A campaign has been launched in support of a memorial to a gay activist from Portrush who co-founded a movement to support striking Welsh miners.
ark Ashton established the Lesbians and Gays Support the Miners (LGSM) to support the miners when they went on strike in 1984. He grew up in Co Antrim and studied at the Catering College in Coleraine before moving to London as a young man, where he dressed as a woman to work in the Conservative Club in King's Cross.
He died at the age of 26 after being diagnosed with AIDS and has been memorialised with a blue plaque in his memory above the Gay's The Word bookshop in Marchmont Street in London, as well as a garden named after him in Paris. No such memorial exists in Northern Ireland.
The Mark Ashton Trust was also created in his memory to raise money for people living with HIV and the Mark Ashton Red Ribbon Fund has collected more than £40,000 for sexual health campaign group the Terrence Higgins Trust.
The activities of LGSM were later dramatised in Pride, a film released in 2014 featuring American actor Ben Schnetzer as Mr Ashton.
The organiser of a petition for a Northern Ireland memorial, Jude Copeland, a solicitor living in Belfast, said he became interested in Mr Ashton after seeing the film and attending a talk given by members of the group.
He met Mike Jackson, who co-founded LGSM with Mr Ashton after they collected donations for miners at a Pride march in London.
"In the film you see them [LGSM] being treated with hostility and that's complete divergence because all the miners were grateful to have someone interested in their cause," said Mr Copeland.
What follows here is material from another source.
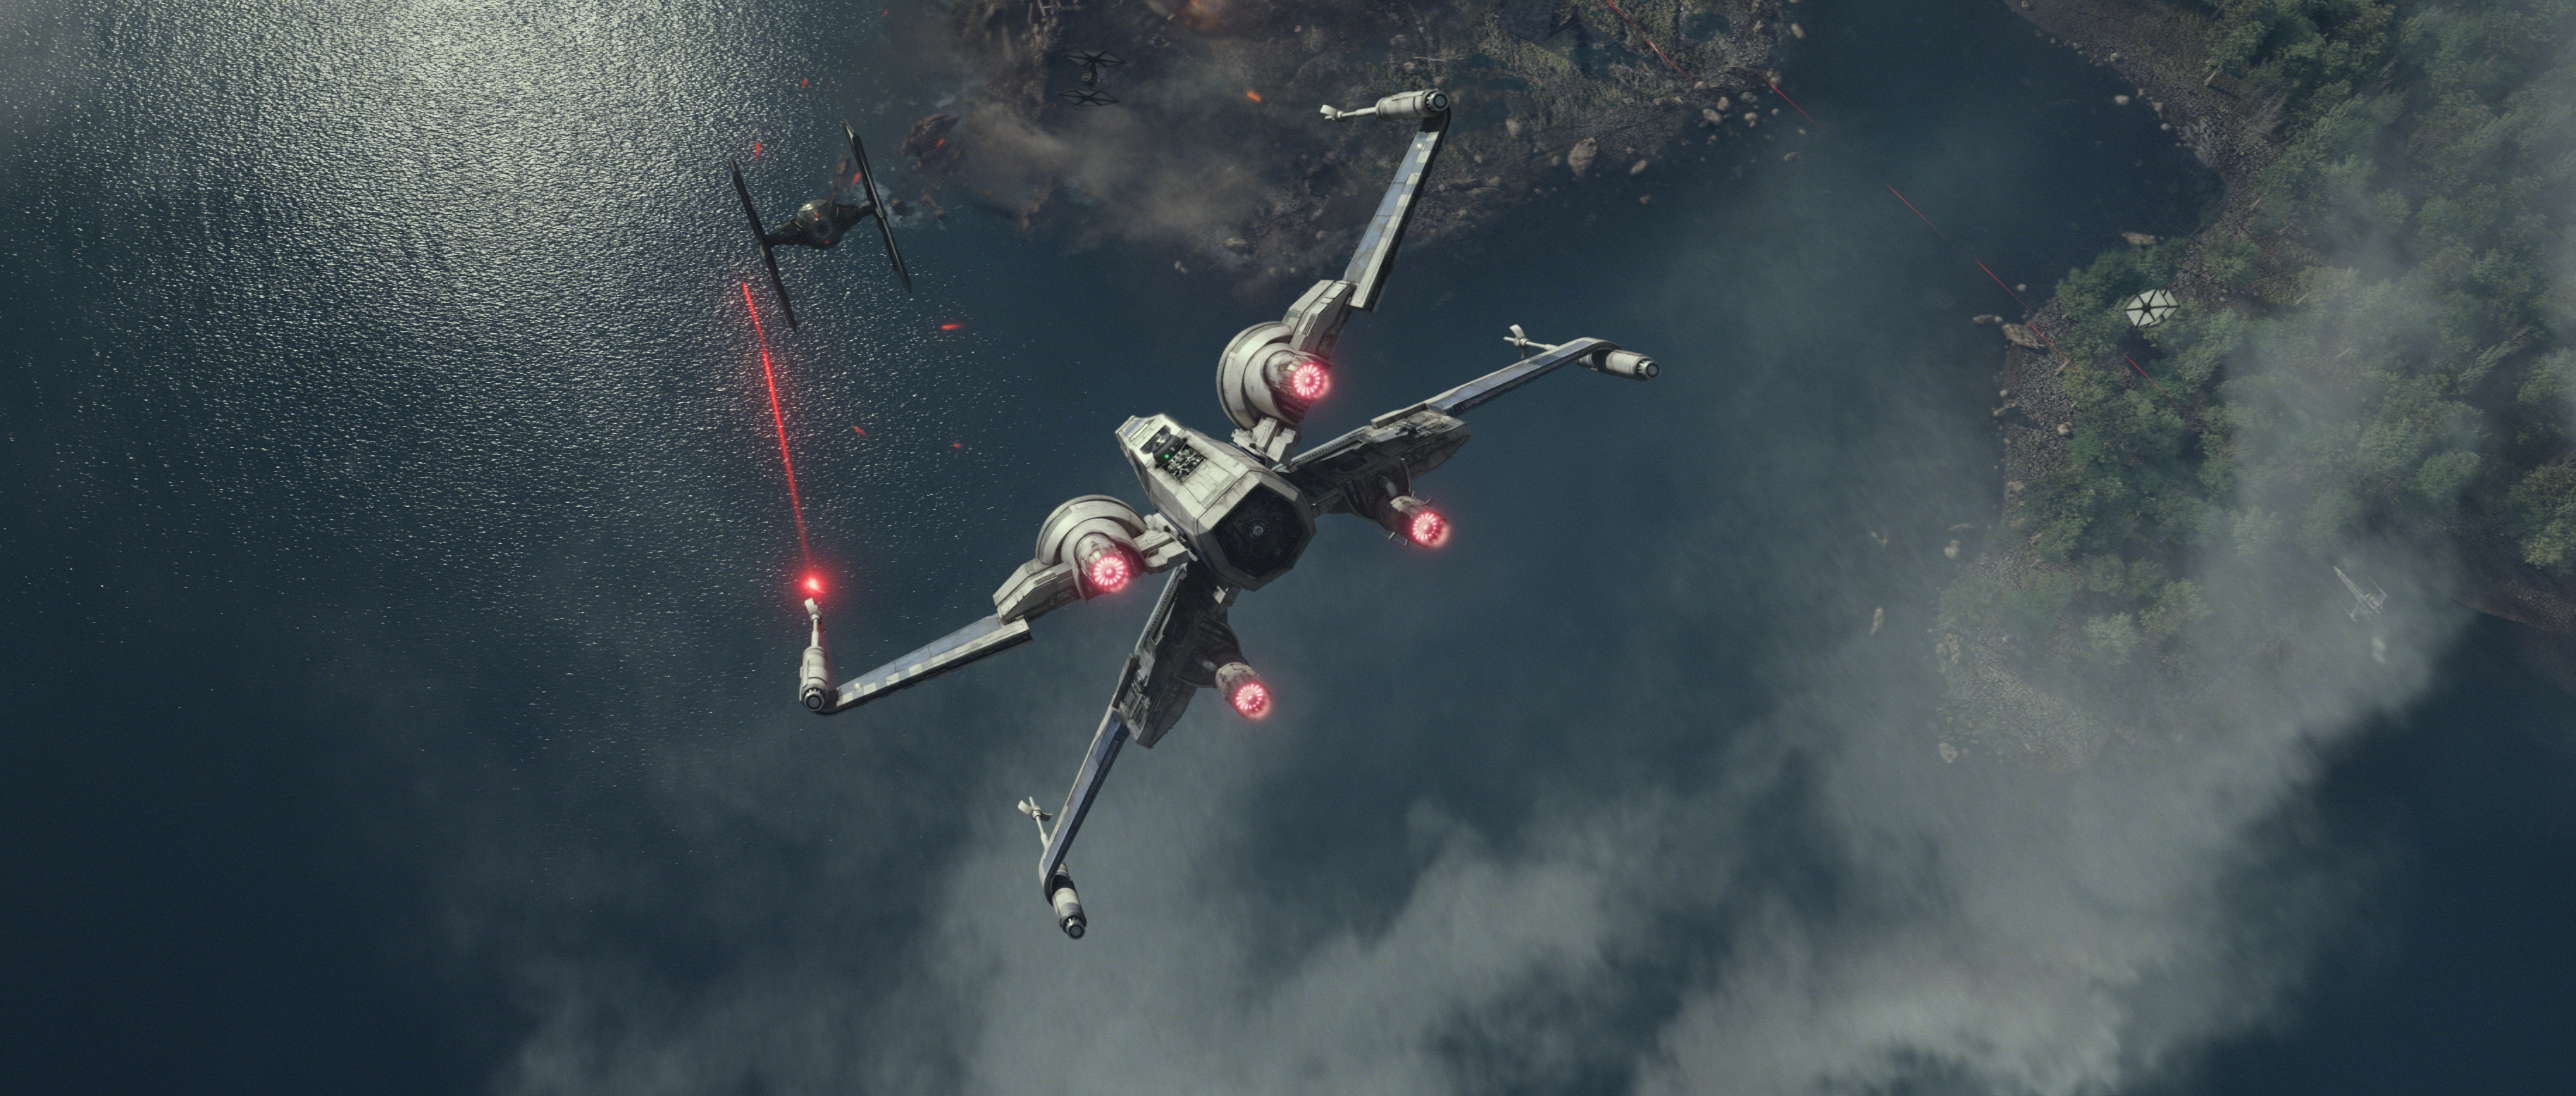 Star-Wars-7-Trailer-3-X-Wing-vs-Tie-Fighters

"The strike action ended and the miners went to Pride so there was real solidarity. It was because of their union membership connection that the unions got a motion at the Labour annual conference about supporting gay rights. That led to Tony Blair's government," he said.
The recent success of Channel 4's It's A Sin, a television programme which follows a group of friends whose lives are changed irrevocably by the HIV/AIDS epidemic, has created interest in the topic, he said. "My belief is that you have to give people the opportunity to support things.
"It's very easy to say it will only be of interest to left-wing people but I think he's somebody everybody could be proud of," said Mr Copeland.
A plaque in Portrush for Mr Ashton would allow the community to talk about the isolation of people around LGBT issues now and in the past, he said. "It's about unlocking and giving people permission to be supportive of these causes. I think a plaque around the north or south strand would be a nice way."
UUP MLA Doug Beattie said the campaign for a memorial was a "great idea". "I think we do, at times, forget about our social history and what has shaped us as a society here at home and events worldwide," he said.
DUP councillor for Coleraine George Duddy said the memorial would have to be discussed by Causeway Coast and Glens council before any decision was made.
"It would be nice to know a bit more about him and the part he did play and then that would have to go through council processes and public consultation before any decision would be taken on it," he said.